2.2.2 Language development
MLU
Mean Length of Utterance in morphemes was calculated for each session. Full imitations of immediately preceding utterances and self-repetitions without a change in meaning (e.g., emphasis) were excluded. Incomplete utterances or those that could not be fully transcribed were omitted from the MLU analysis. ASL grammatical non-manuals and verbal morphology using space were included as morphemes (similar to Brown's 1973 criteria for spoken languages).
Part-of-speech analysis
Elements in the children's productions were coded as Noun, Verb, Adjective, or Other. Potentially ambiguous items were coded according to their usage in each particular utterance. For the purposes of the analyses in this report, we compare proportion nouns used to proportion verbs used.
Vocabulary count
A tally of word types used was calculated for the first 50 utterances of naturalistic language production in each session. The ASL-CDI (Anderson & Reilly, 2002) was used as the initial basis for our estimate of the children's vocabulary. However, we did not follow the standard method for administering the CDI, namely parental report. Instead, we used the items on the CDI as a checklist, and looked to see which words each participant used in each session. Additional signs not included on the CDI were also tallied. This is clearly an underestimate of the child's full vocabulary at the age of observation, but it provides a rough measure for comparison across sessions and across children.
Each of the transcripts was examined for vocabulary items. Because each session involved different lengths of recording time, we used the first 50 codable utterances from each session as the basis of comparison.
2.2.3 Academic achievement
Stanford Achievement Test
Mei and Cal were administered portions of the 9th Edition of the Stanford Achievement Test as part of their regular academic programs, including the following subscales: work study skills, word reading vocabulary, reading comprehension, problem solving, math, total language, spelling, and environment.
2.2.4 Conceptual sophistication
Semantic relations
Sessions from from Mei, Cal, Nat, Jil, and Sal were analyzed according to criteria established by Bloom, et al (1975), and applied to native signers of ASL by Newport and Ashbrook (1977). According to this analysis, children's utterances were classified as expressing one of the following semantic relations (examples given in parentheses).
Early-appearing
Existence: indexes an item and names it (Point-CAR CAR)
Action: action performed by an actor (JUMP)

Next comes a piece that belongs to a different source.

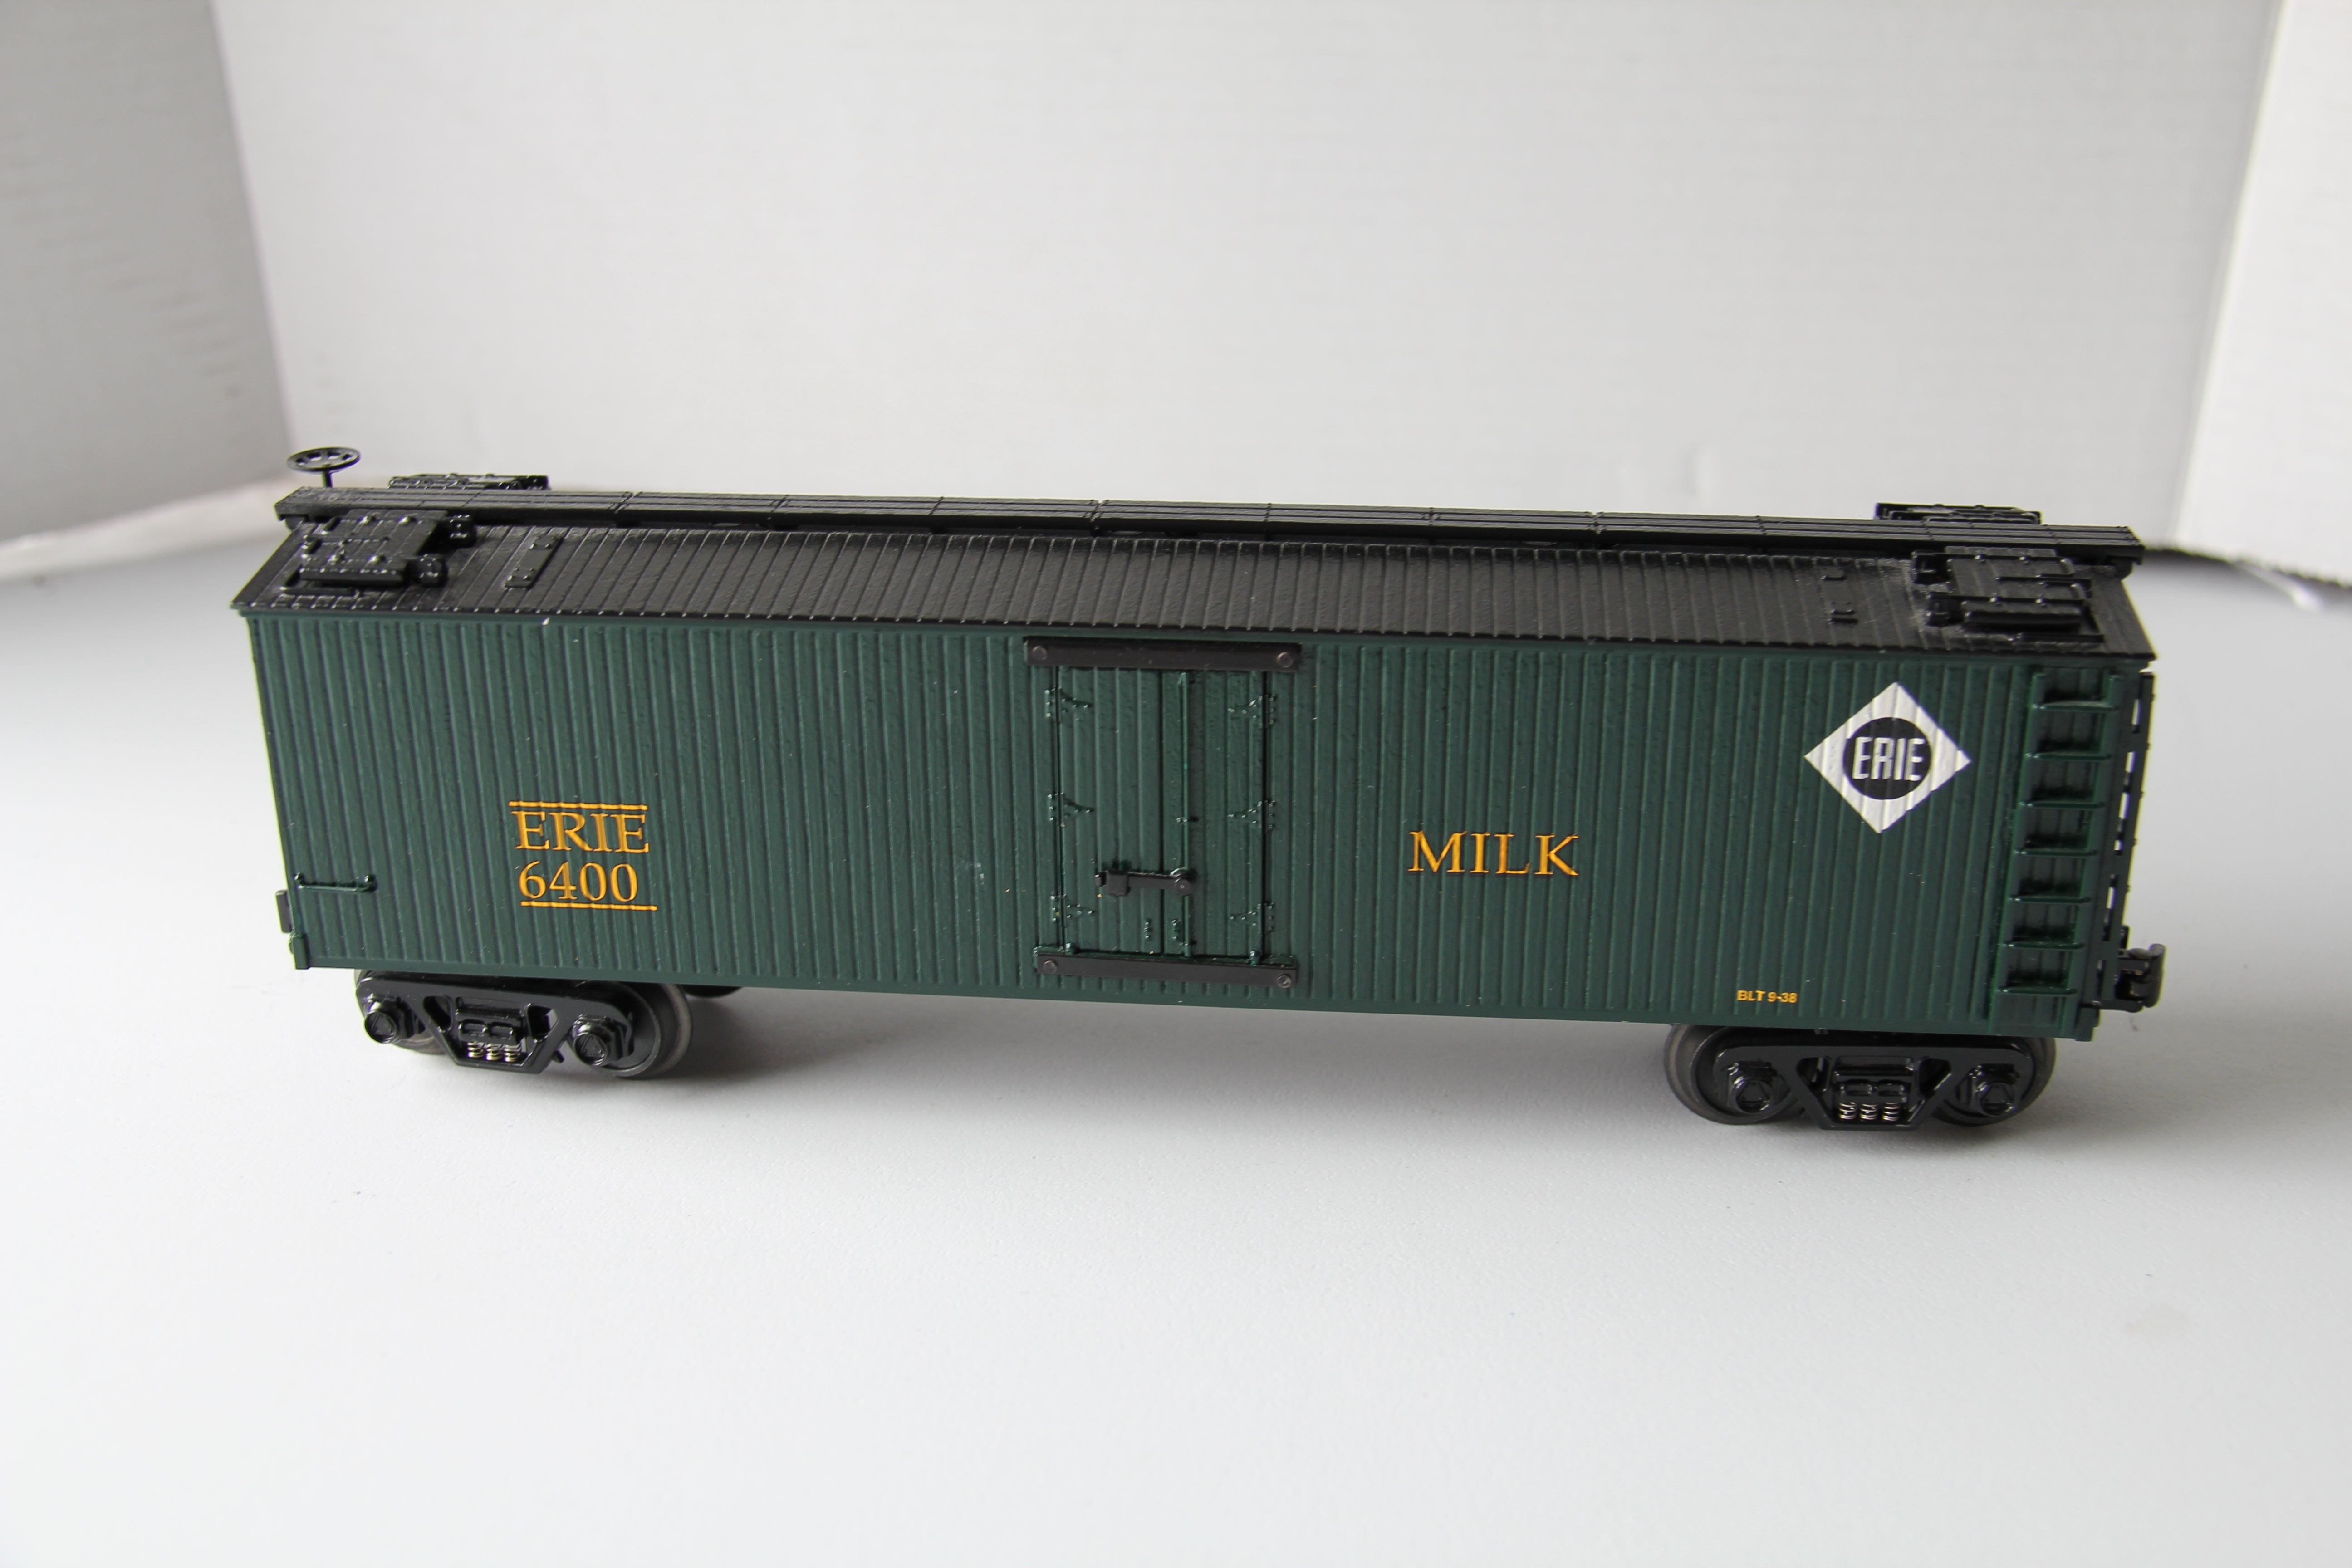 Rail King 30-8622 Erie Die-Cast Reefer/Milk Car-Second hand-M2510

State: transitory state (BOY TIRED)
Locative state: static location of an object (CAT Point-KITCHEN)
Locative action: action involving movement (PUT-HERE BOOK)
Mid-appearing
Possession: declaring ownership (MINE DOG)
Attribution: using descriptive characteristics (BALLOON RED)
Negation: making an utterance negative (NOT-WANT BOWL)
WH-question: a question that uses a WH-word (WHAT Point-TOY?)
Notice: referring to the not here and now (HOME I-SEE)
Late-appearing
Instrument: action performed with an instrument (SCISSORS CUT)
Intention: action to be done in the future (WILL LEAVE)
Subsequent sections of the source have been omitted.